EU Ukraine Aid Deal Is a Pawn in Orban’s Longer Populist Game

EU Ukraine Aid Deal Is a Pawn in Orban’s Longer Populist Game

After months of bluster against financial aid for Ukraine, Prime Minister Viktor Orban of Hungary on Thursday yielded to intense pressure from fellow European leaders, but not before he tried to change the topic in Brussels by meeting with angry Belgian farmers beside a convoy of tractors and voicing support for the protests roiling Europe.

In what amounted to a campaign stop ahead of European elections in June that he hopes will shift Europe’s balance of power in his direction, Mr. Orban skipped a dinner with European leaders on Wednesday evening and went to talk to the farmers who had gathered outside the Brussels venue for Thursday’s make-or-break summit meeting on Ukraine.

“We need to find new leaders who truly represent the interests of the people,” Mr. Orban told the farmers, leaving little doubt that he includes himself in what he sees as an inevitable changing of the guard in Brussels, the headquarters of the European Union.

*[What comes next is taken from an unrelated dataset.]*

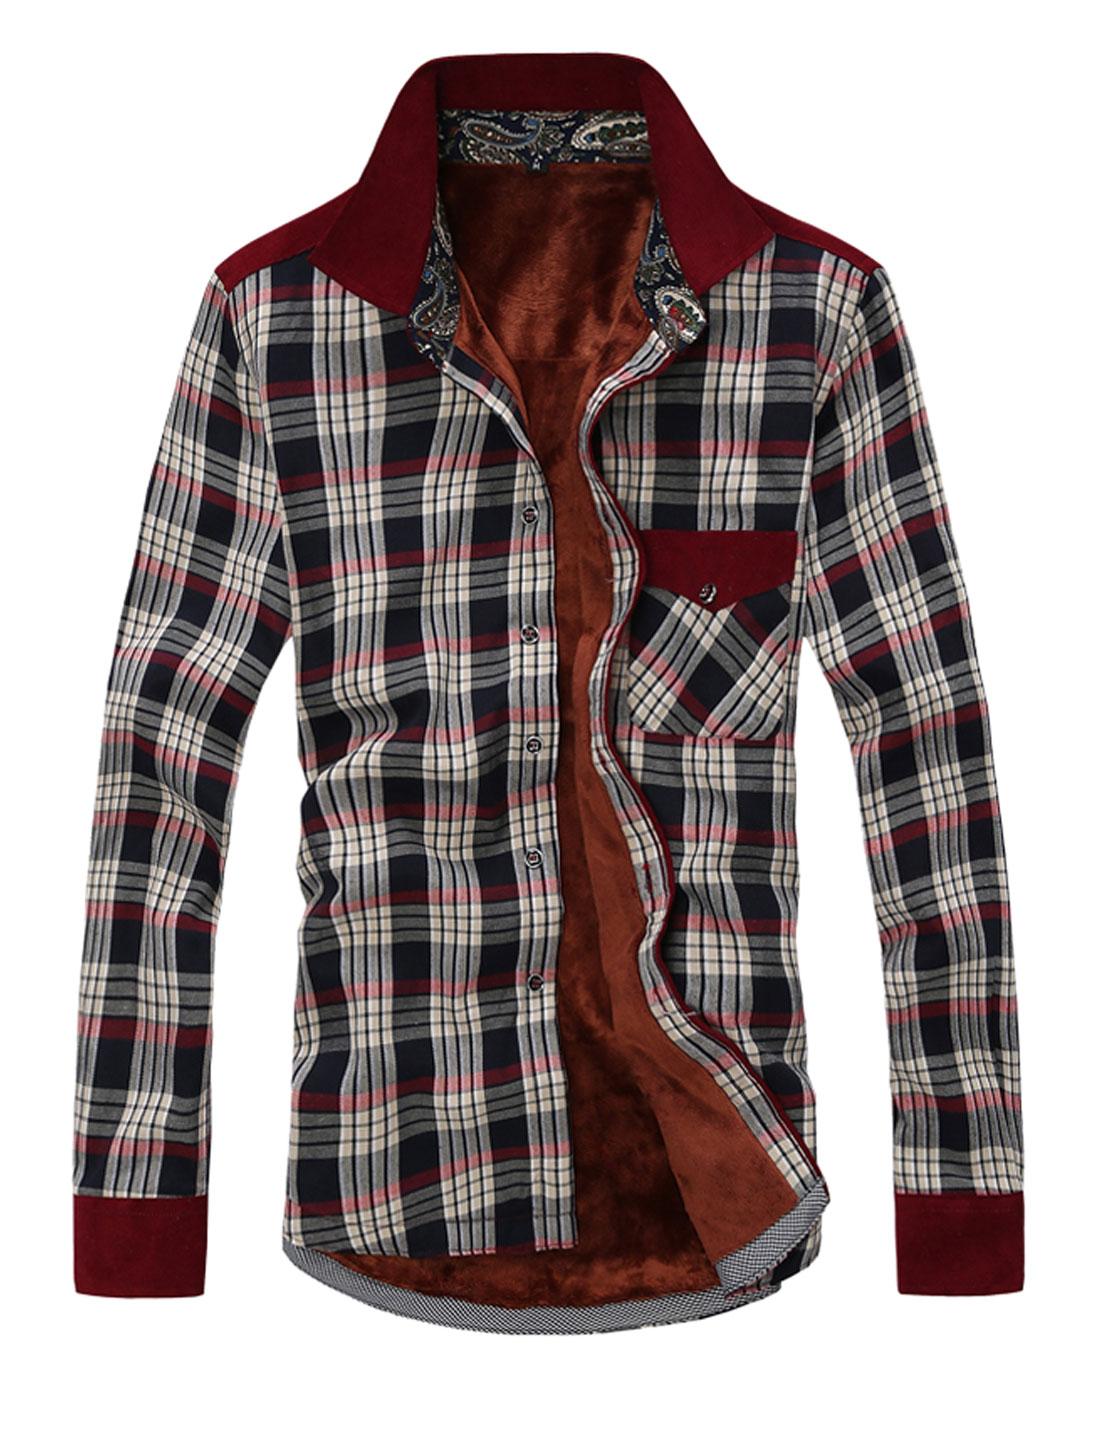 Men One Pocket Chest Fleece Lining Leisure Shirt Burgundy M

For Mr. Orban, whether to send billions of dollars to Ukraine has never been a question of immovable principle, and he folded Thursday when told that some member states were serious about isolating him, even stripping him of his vote, if he continued to block the aid. Rather, it is just one of many issues on which he has sought to position himself as the leader of a pan-European movement in defense of national sovereignty and traditional values against what he scorns as out-of-touch urban elites.

Headlines on Thursday morning in Hungarian news media outlets loyal to Mr. Orban’s government hinted that his main objective all along has been to position himself as a guiding beacon for Europeans dissatisfied with the status quo and looking for a leader ready to discomfit mainstream opinion.

“Hungary in the lead,” trumpeted Mandiner, a pro-government weekly and online news site. “All eyes on Viktor Orban again,” said Index, an online news portal that used to be independent but is now firmly on the government’s side after it was taken over by a loyal tycoon.